Figure 03 displays the FTIR spectra of synthesized poly (3-decyl-vinyl imidazolium methyl methacrylate tetrafluoroborate) (PIL), PEO nanofibers, PIL/PEO nanofibrous membrane in the 500-4000cm-1 wave number range. In Figure 03 (A), the peak at 1250 cm-1 shows the C-N stretching. The peak at 1160 cm-1 indicates the presence of ester C-O-C stretching vibration. The band appearing at 1640 cm-1 displayed C=C stretching vibration.

The peaks at 2850 cm-1 and 1390 cm-1 indicate the presence of C-H stretching and C-H bending vibrations respectively.
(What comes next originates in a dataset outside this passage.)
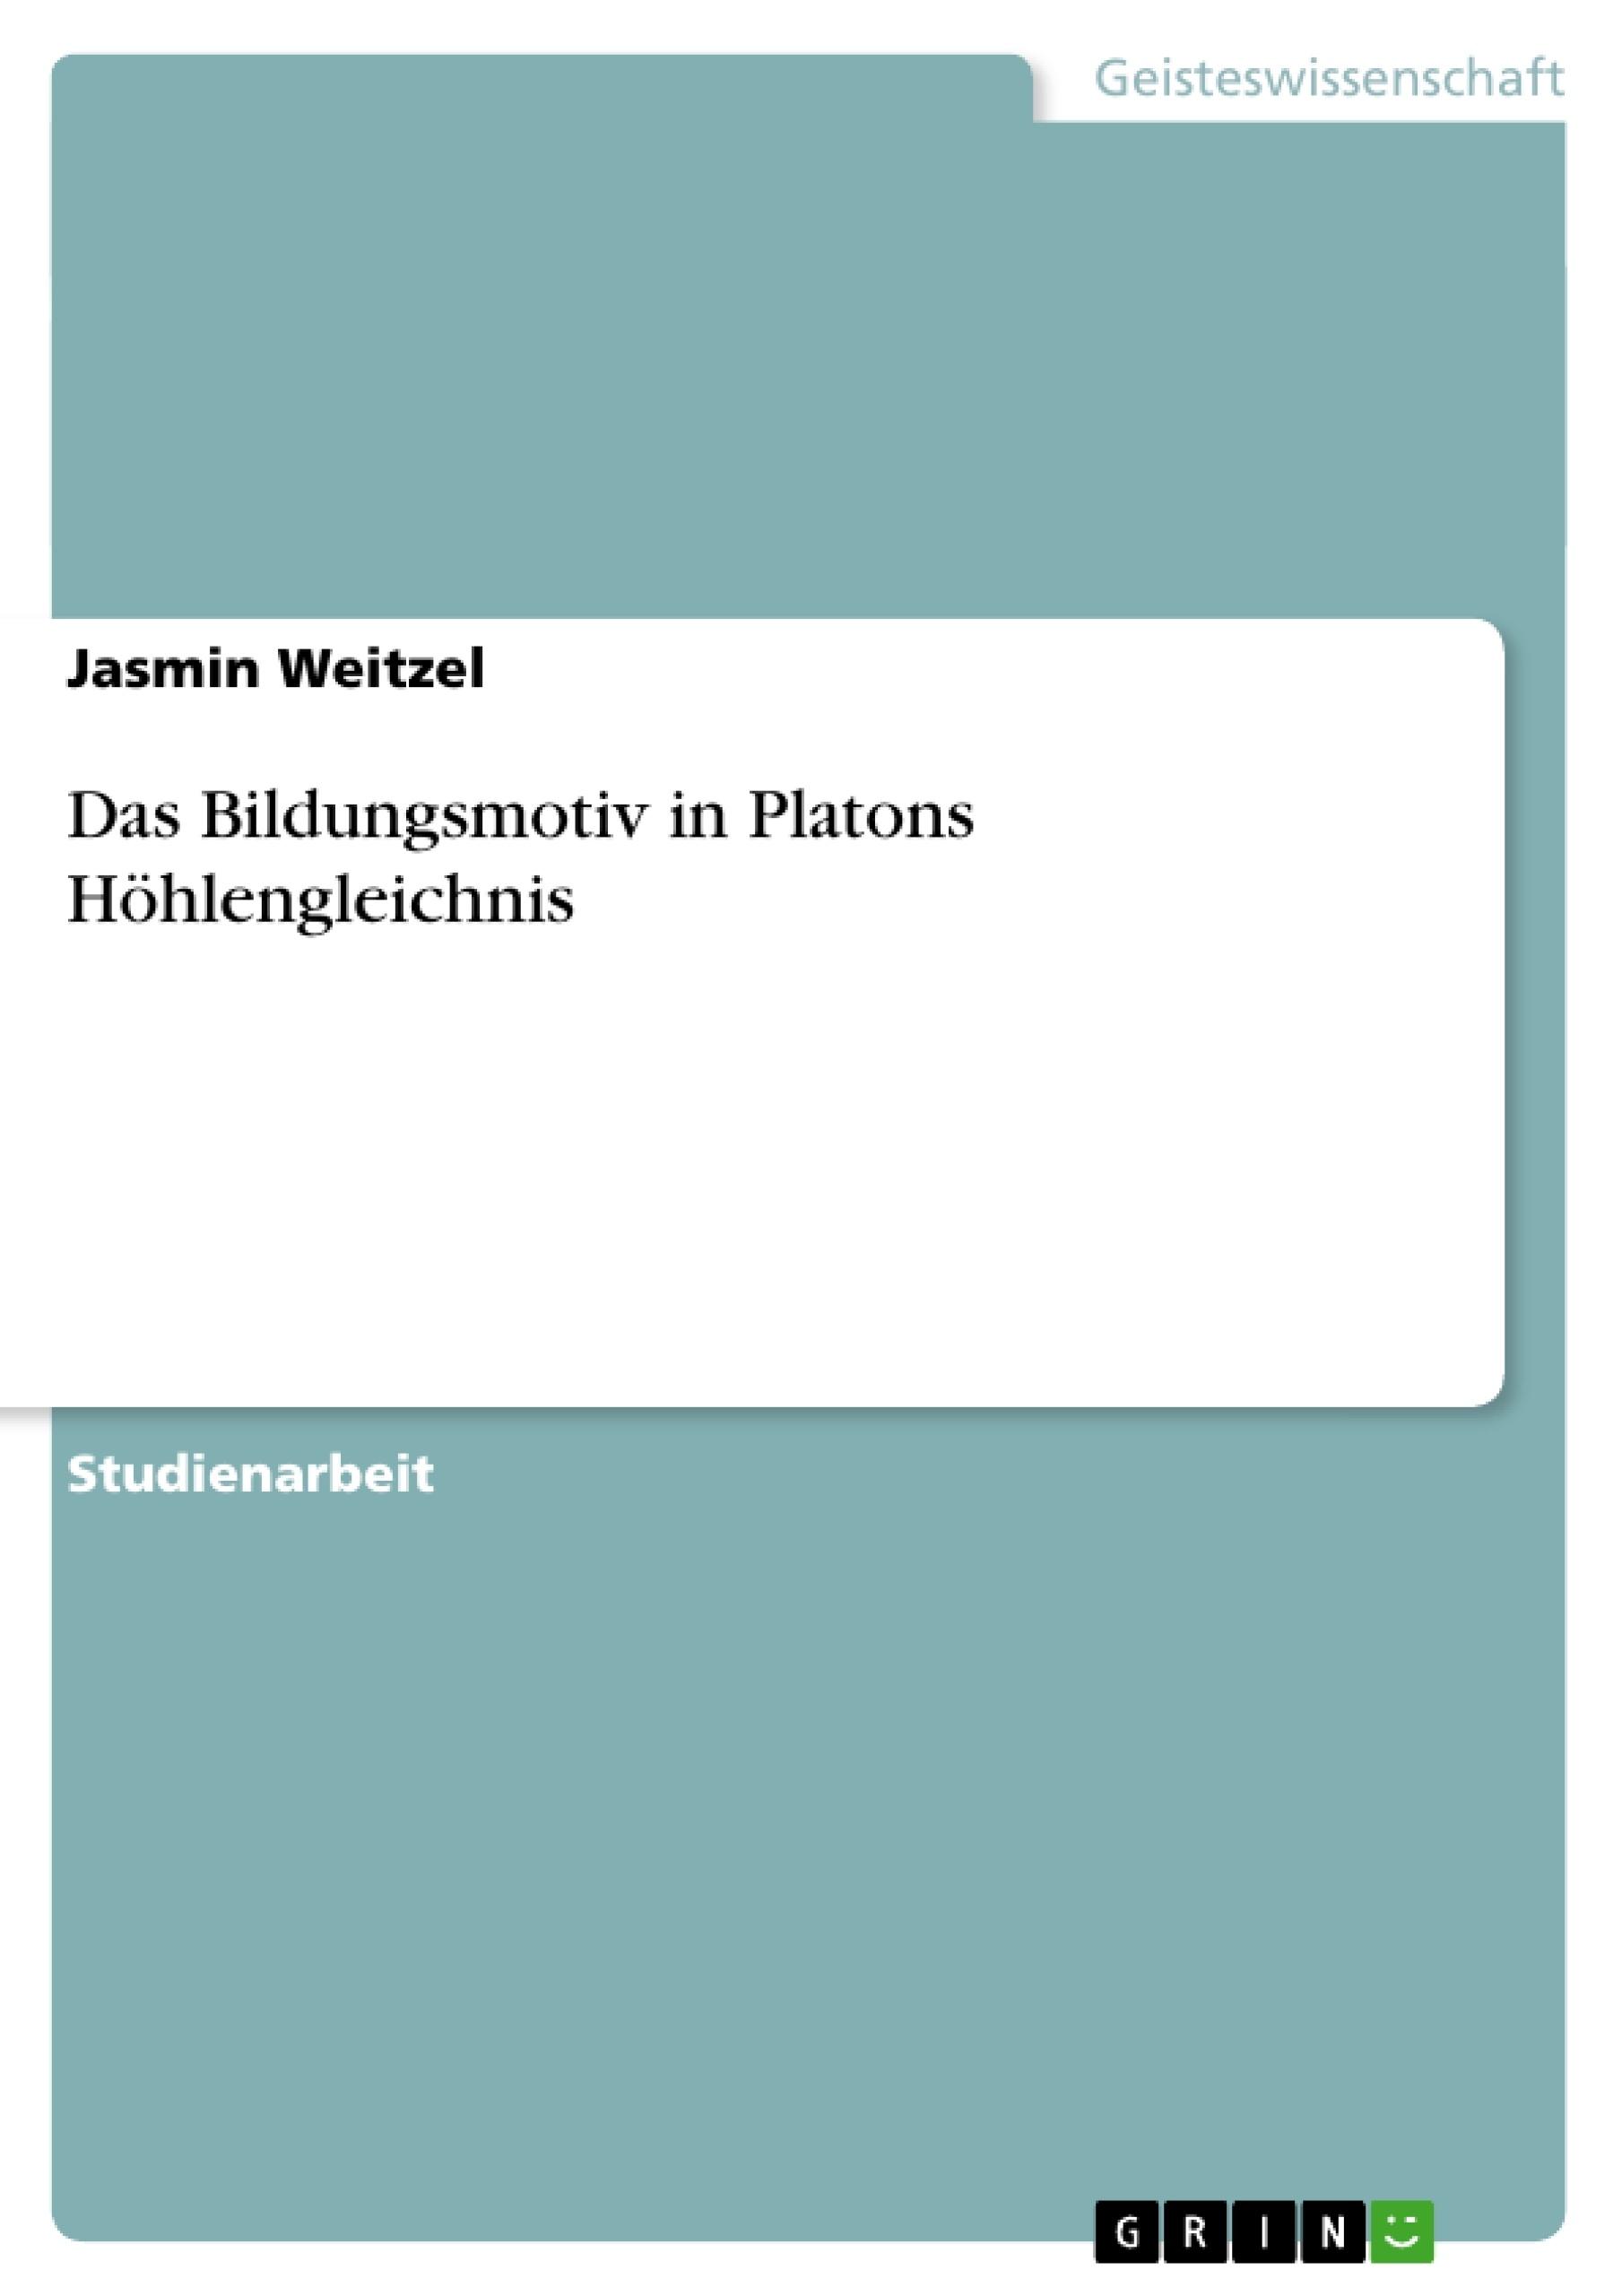 Titel: Das Bildungsmotiv in Platons Höhlengleichnis
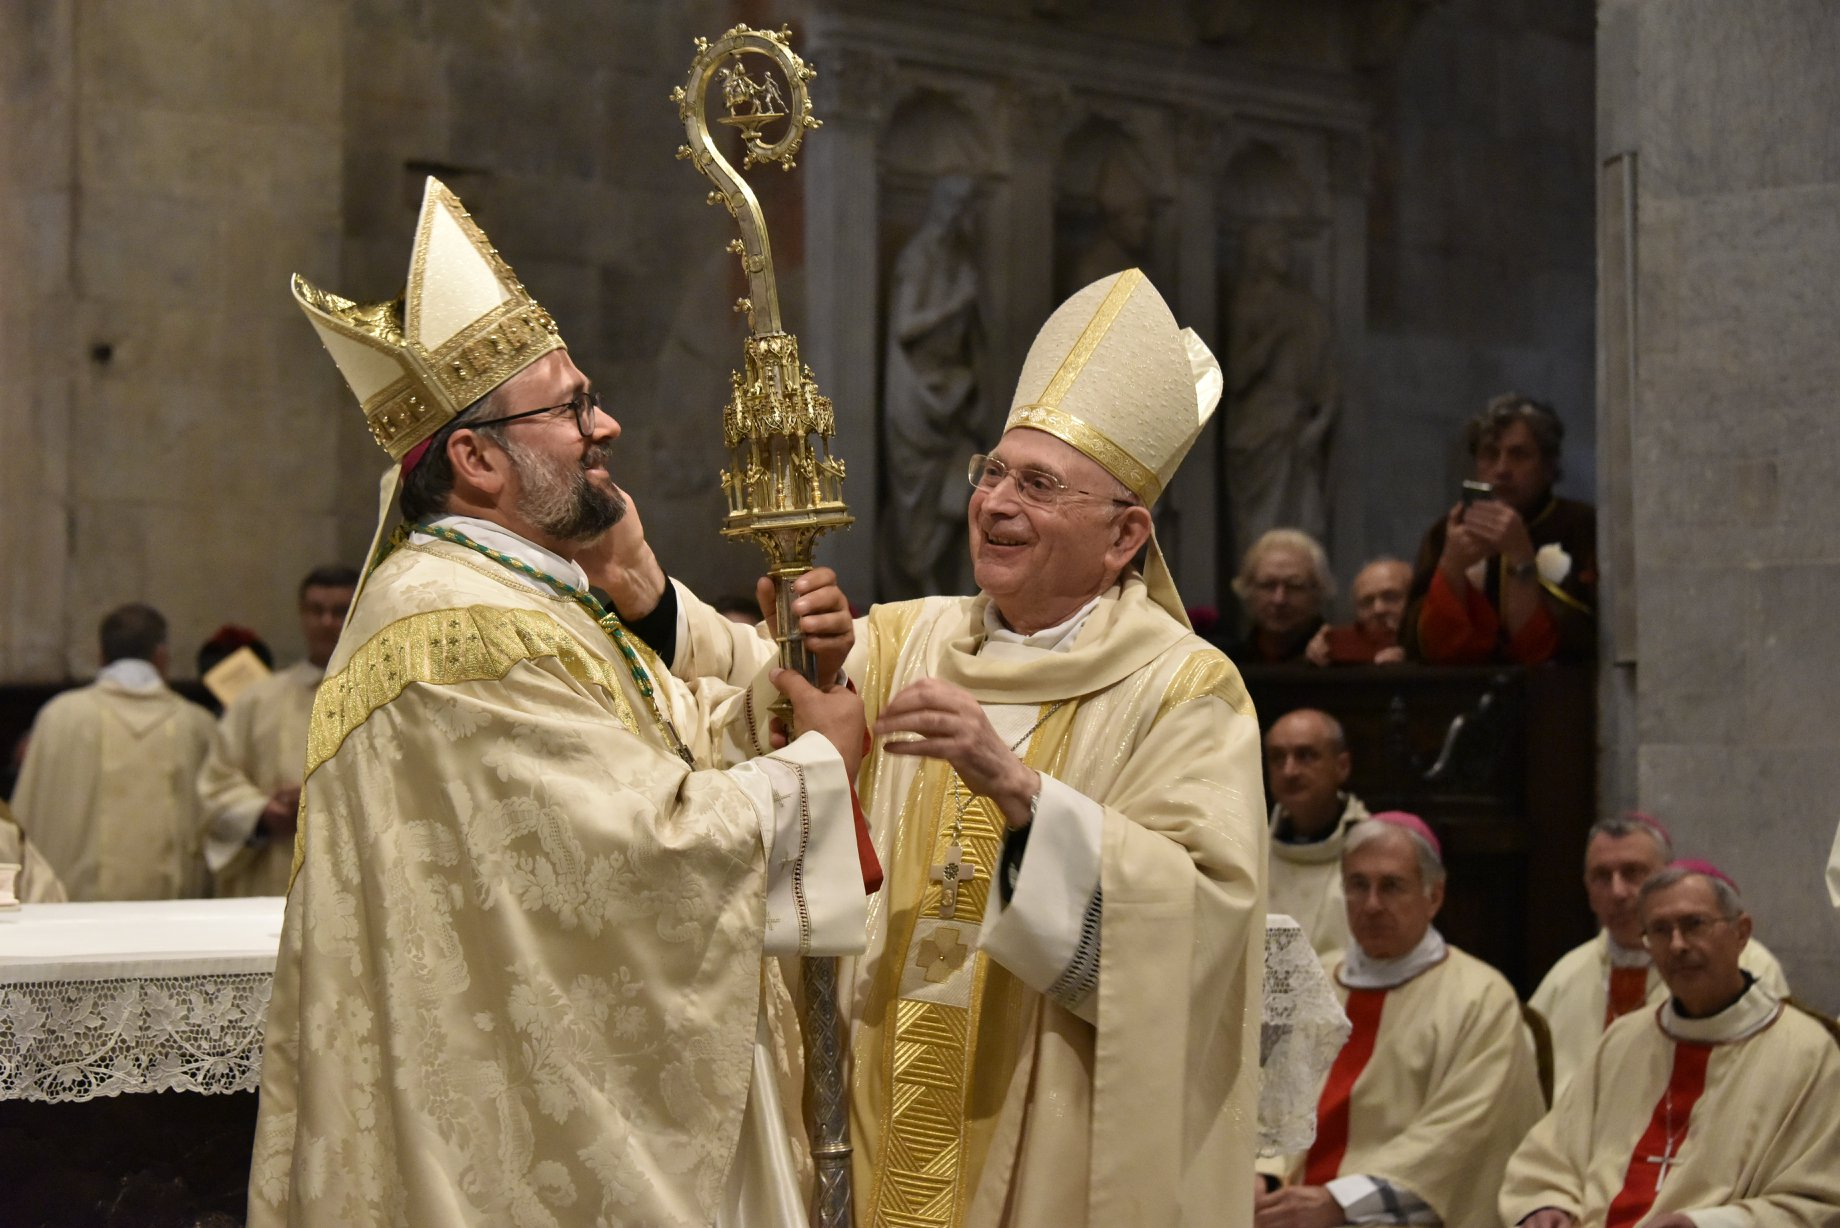 Si insedia Vescovo Paolo (foto)

The FT-IR spectrum of PEO nanofibers in Figure 03 (B) showed an intense peak at 2892 cm-1 due to -CH2 asymmetric stretching and at 839 cm-1 due to -CH2 asymmetric bending vibrations respectively. The peaks at 1478 cm-1 and 1278 cm-1 represent the -CH2 scissoring and -CH2 symmetric twisting vibrations respectively. The band at 1097 cm-1 shows the presence of symmetric and asymmetric –C–O–C– stretching vibrations (Elashmawi & Gaabour, 2015). In the case of PIL/PEO nanofibers shown in Figure 03 (C), the peak nearer to 3000 cm-1 shows the asymmetric C–H stretching of -CH2 and at 1700 cm-1 shows the C=O stretching vibration. The peaks at 1250 cm-1 shows the C-N stretching and the peak at 2000 cm-1 shows the C=N stretching vibration. All the functional groups of PEO and PIL were present in the blended fibers which revealed the interaction between PEO and PIL.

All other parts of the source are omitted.